Grubman and Froelich were, for a time, like the Sheepdog and Wolf of the NYC gossip business. They were adversaries by day, but ultimately both punching the clock at the same factory of producing marketable young socialites who need to get famous. Grubman, who became a story herself when she backed her SUV into a Hamptons nightclub, says the drive for fame is destructive and makes these girls "sad." She uses her own headline-making event to illustrate the evils of being a rich girl who has lots of money and likes clothes and wants to be on a reality show. We would almost believe this if she wasn't on MTV's PoweR Girls a good four years after the incident at Conscience Point. Either she still hasn't learned her own lesson, or it just took her a very long time. Either way, she still looks like she's in the game.
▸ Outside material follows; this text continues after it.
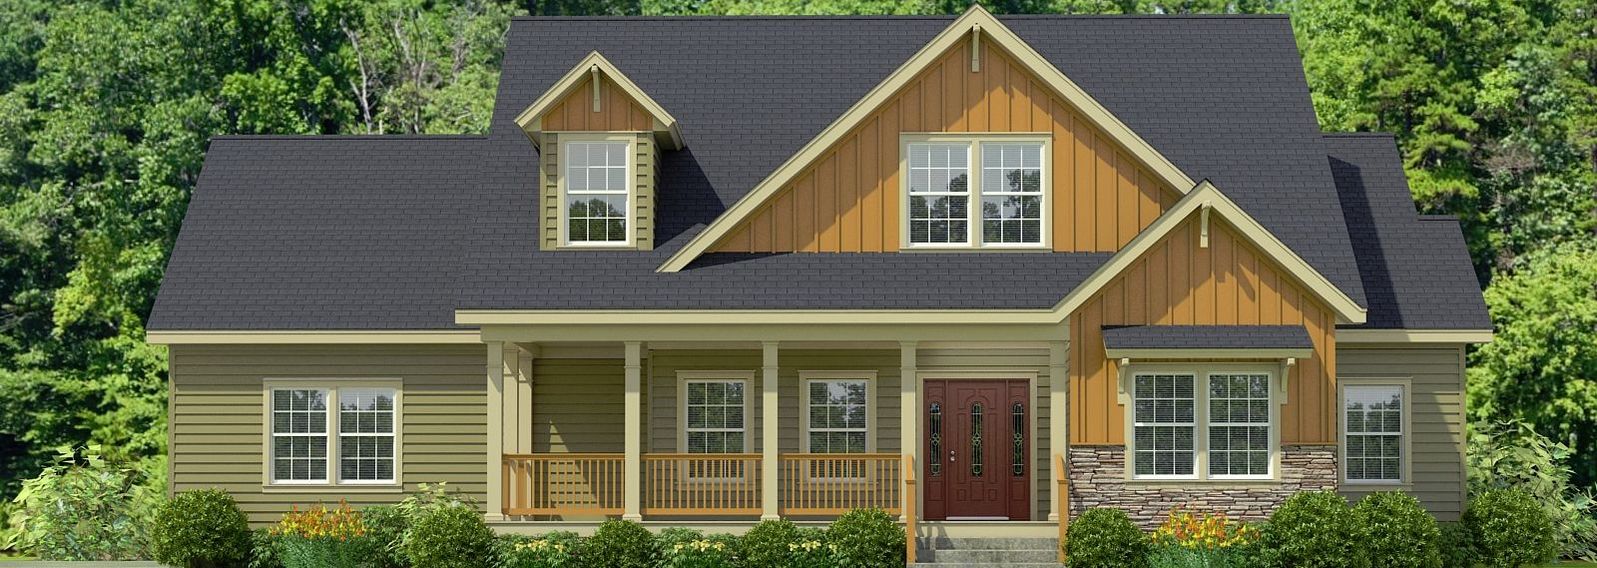 This Cape Cod Style Modular Home Comes with New Exciting Features - Greensboro, NC

Froelich has given that up, choosing to make her bid to become an author of books that will hopefully lead to TV and film riches. And with her distance, she gives us an insider's view about what makes these people so messed up and how she kept seeing the same trainwrecks recur. She deftly takes down our whole tawdry Celebrity Industrial Complex.
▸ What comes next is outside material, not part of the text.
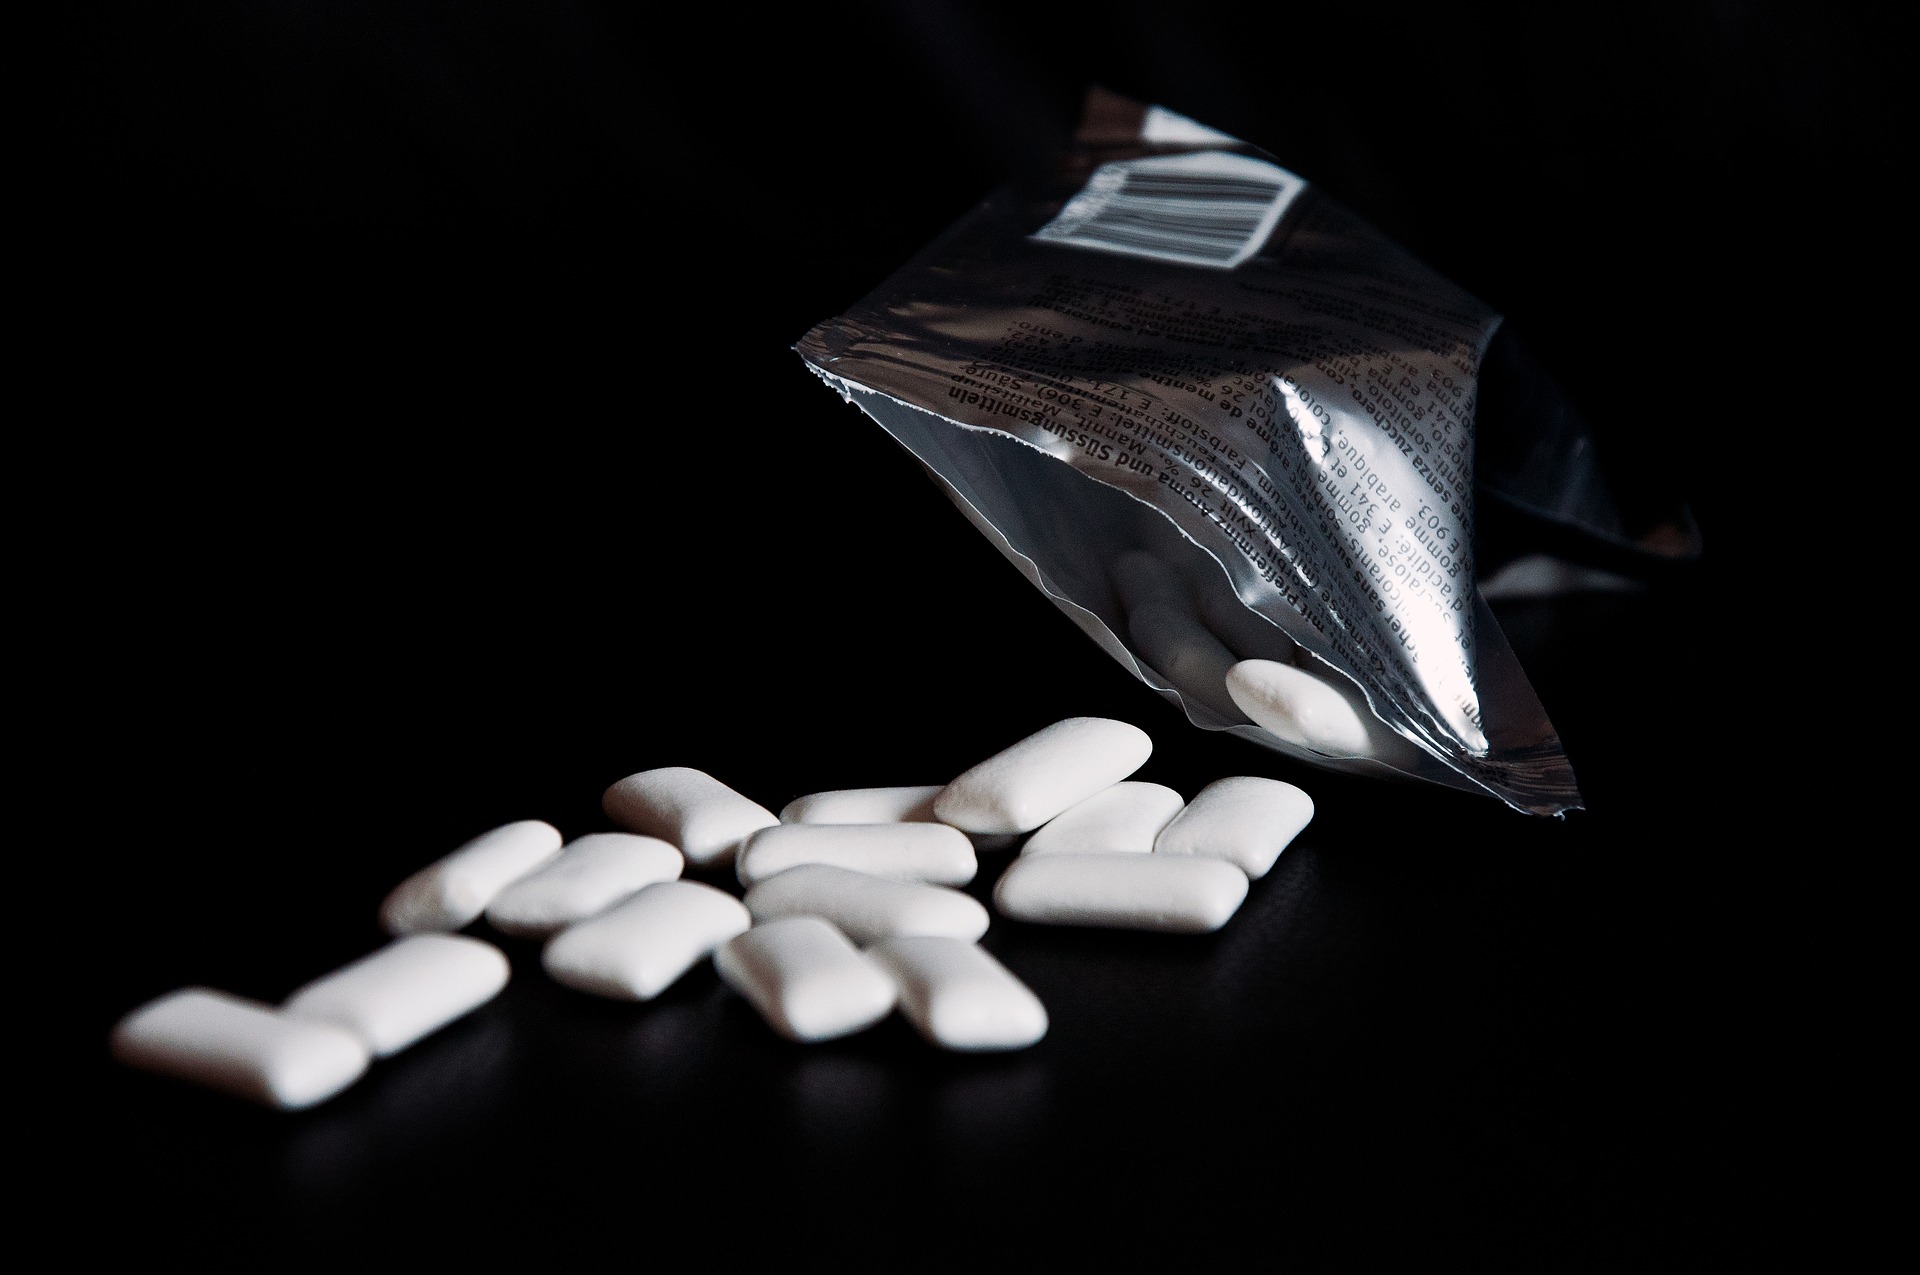 A packet of chewing gum. The story is about chewing gum minimising gut discomfort after heart surgery and various other surgeries. This image is a representative of chewing gum.

Six months before Casey died alone on the holidays, I quit that job. I was becoming too cynical, seeing the same train wrecks happen over and over. I did the job during a time of "celebreality"-where people could get famous for doing nothing or just trying to be "scandalous." You would have to hang out with and report on uneducated, basically illiterate people who were glorified for showing their private parts. Sure, you could take them down a notch, show them for what they were, but you were still keeping the carnaval going.